Sourced energy and research infrastructure context
Laboratory, grid, and commercialization systems: MLOps Engineer
Knoxville's Regional Innovation Growth Strategy centers on research and infrastructure assets at the University of Tennessee, Oak Ridge National Laboratory, and the Tennessee Valley Authority. Require reproducible training and lineage for the local data setting. The candidate should account for code, configuration, data versions, model artifacts, and approval records without copying sensitive data into uncontrolled tools. Research and energy work can connect experiments, scientific data, models, grid or facility assets, sensors, safety controls, intellectual property, commercialization, and public funding evidence.
Evidence to request: Ask for a pipeline diagram or repository structure that shows lineage, repeatable environments, and artifact retention. Name the research or energy outcome, data and asset boundary, instrument or grid interface, safety control, reproducibility test, intellectual-property rule, transfer step, and approval owner.

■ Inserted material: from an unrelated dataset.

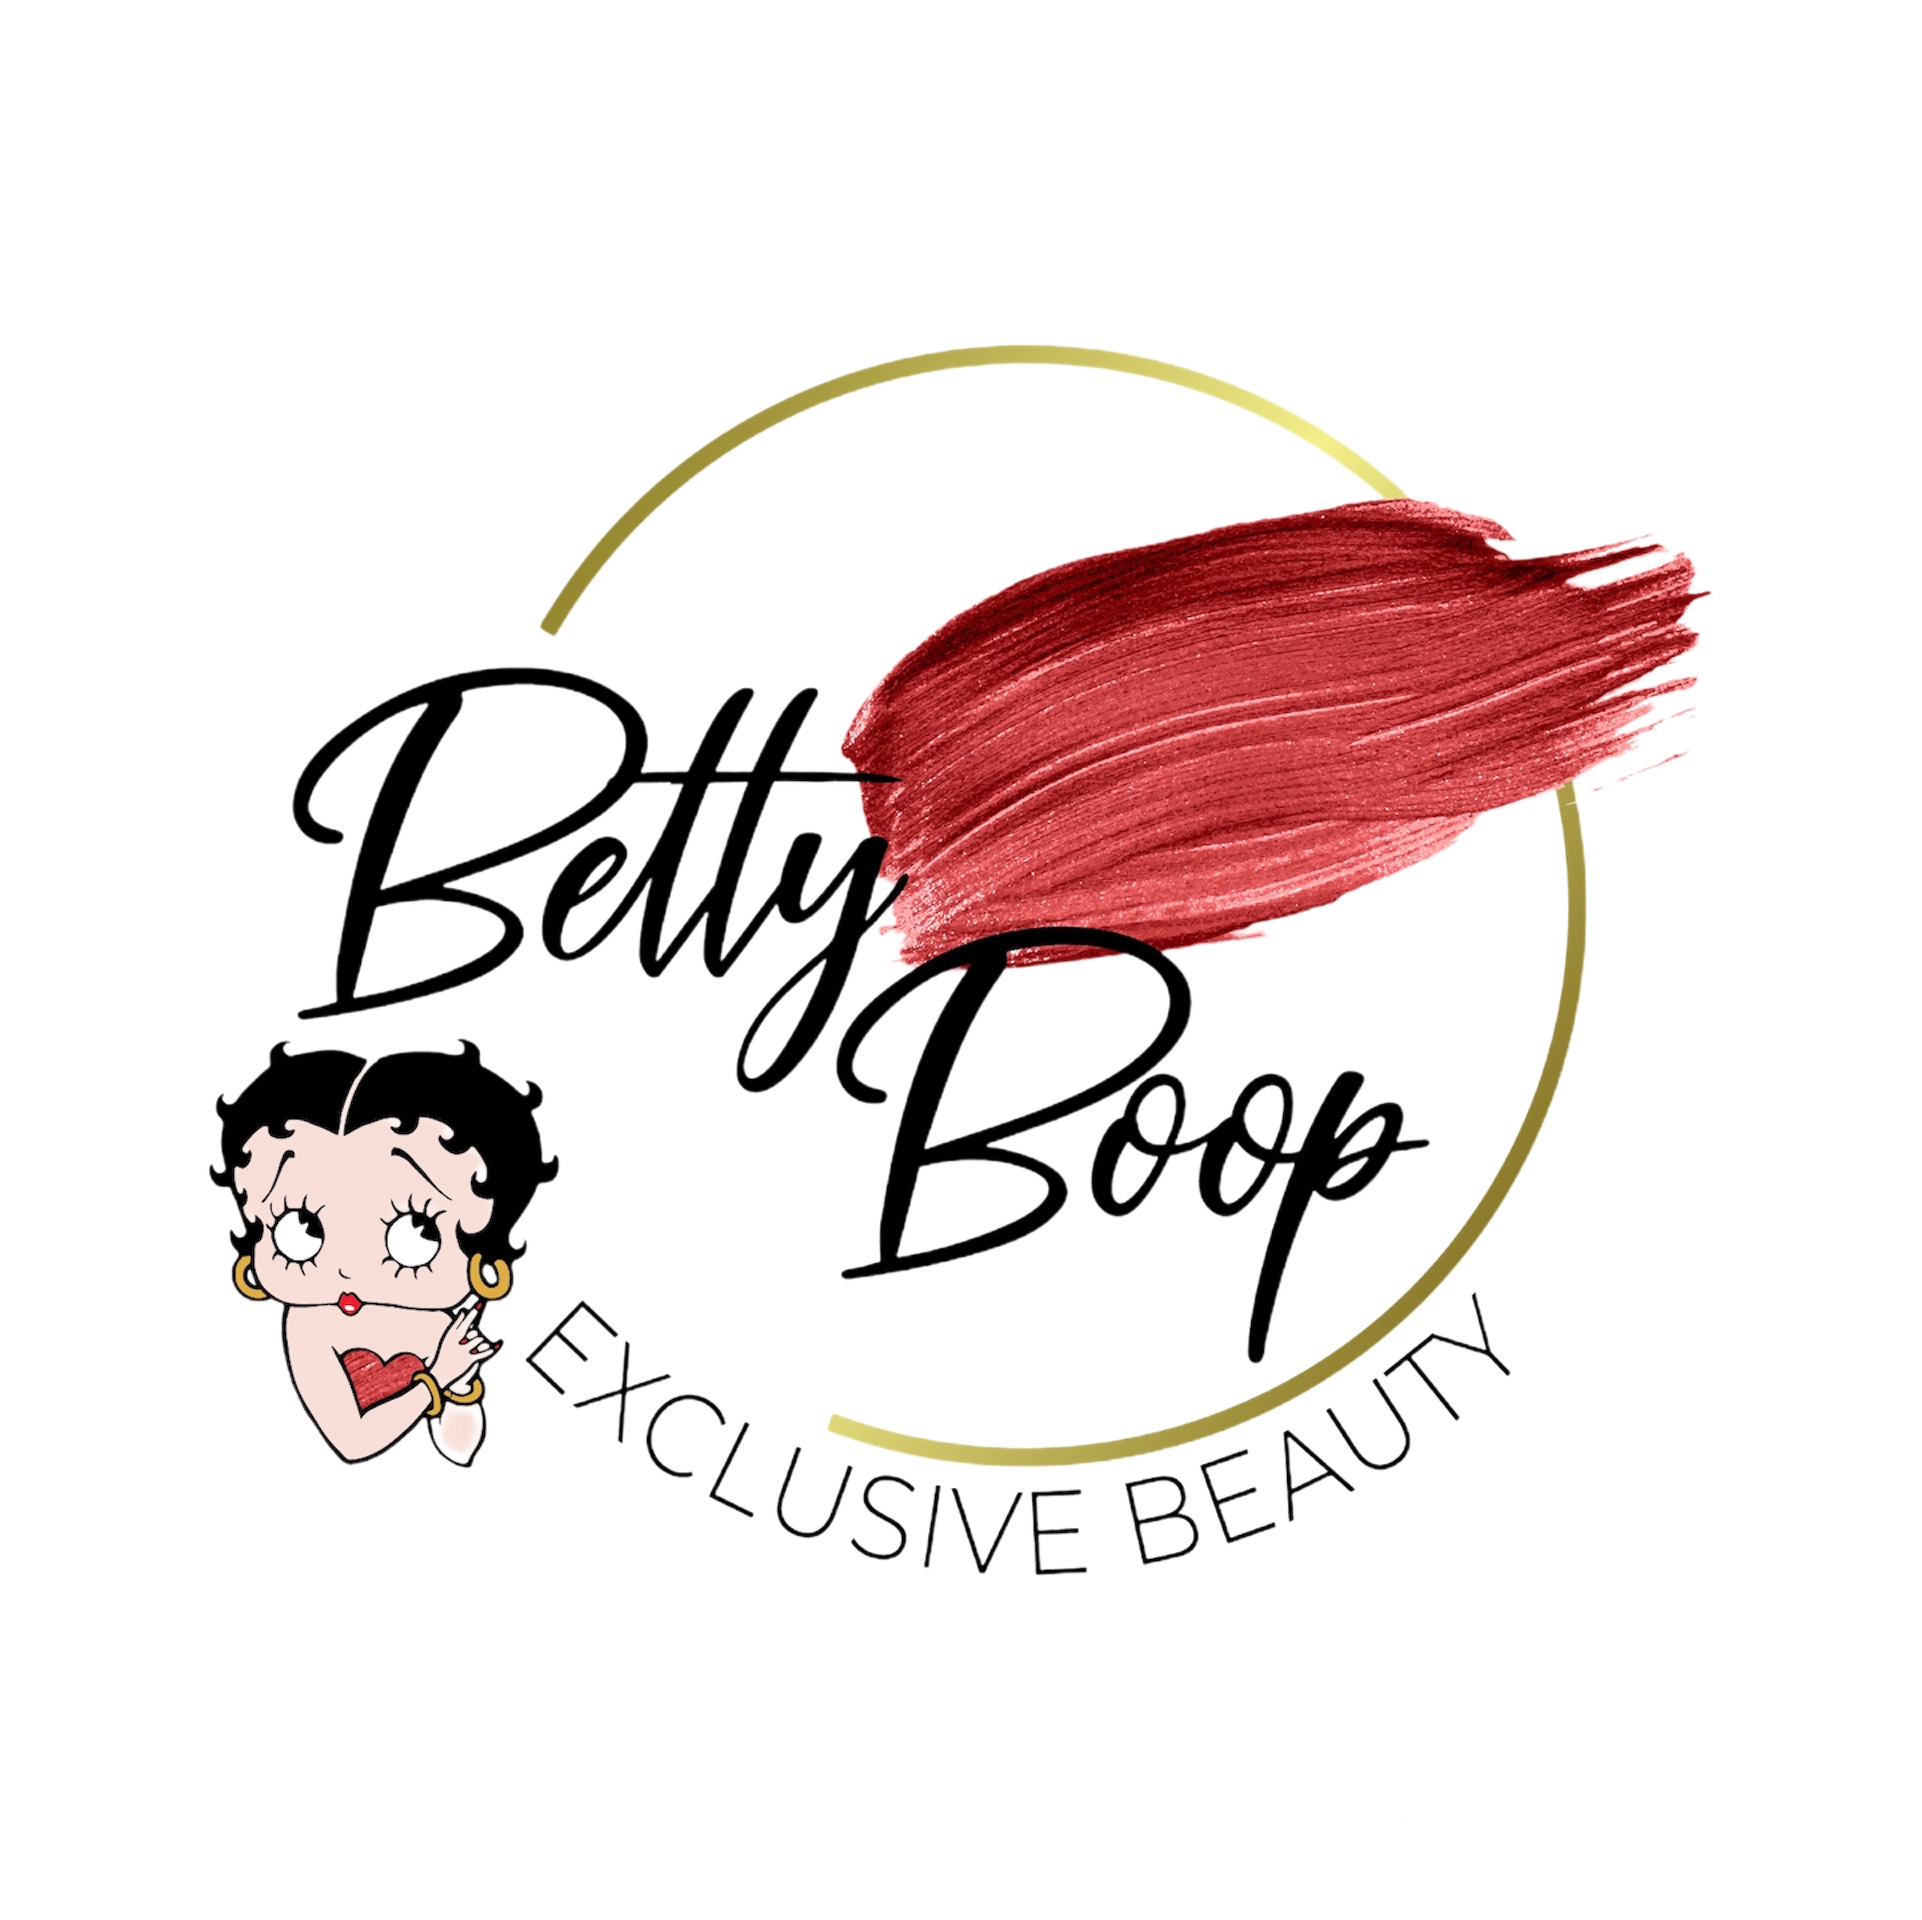 Betty Boop “Exlcusive” Beauty  logo

Sourced health and medical technology context
Clinical data and regulated devices: MLOps Engineer
The Chamber's May 2026 economic report identifies health and medical technology among Knoxville's stronger technology-sector positions. Define promotion between development, test, and production. Ask who approves a model, which automated checks block release, and how the team handles a failed deployment. Medical-technology systems may join patient records, device configurations, sensors, laboratories, product quality, validation, complaints, access control, and regulated retention.
Evidence to request: Review a release-control example with test gates, registry state, deployment strategy, and rollback steps. Set the clinical or device outcome, patient or test record, protected fields, hardware interface, validation evidence, quality gate, complaint path, retention rule, and approver.
Sourced defence, cyber, semiconductors, and robotics context
Mission, fabrication, and automated systems: MLOps Engineer
The same May 2026 report identifies defence, cybersecurity, semiconductors, and robotics among Knoxville's stronger technology sectors. Set operating ownership for model services and training jobs. Include capacity, cost, feature freshness, prediction quality, and rollback signals in the interview scenario. These settings can connect classified or sensitive data, identity, software supply chains, wafers, equipment, embedded controls, robots, testing, incident response, and release evidence.
Evidence to request: Use an incident involving stale features, failed training, or degraded predictions and score the candidate's diagnosis path. Choose the mission, chip, cyber, or robotic system, then define its trust boundary, configuration, hardware and software interface, verification, incident or defect path, and release authority.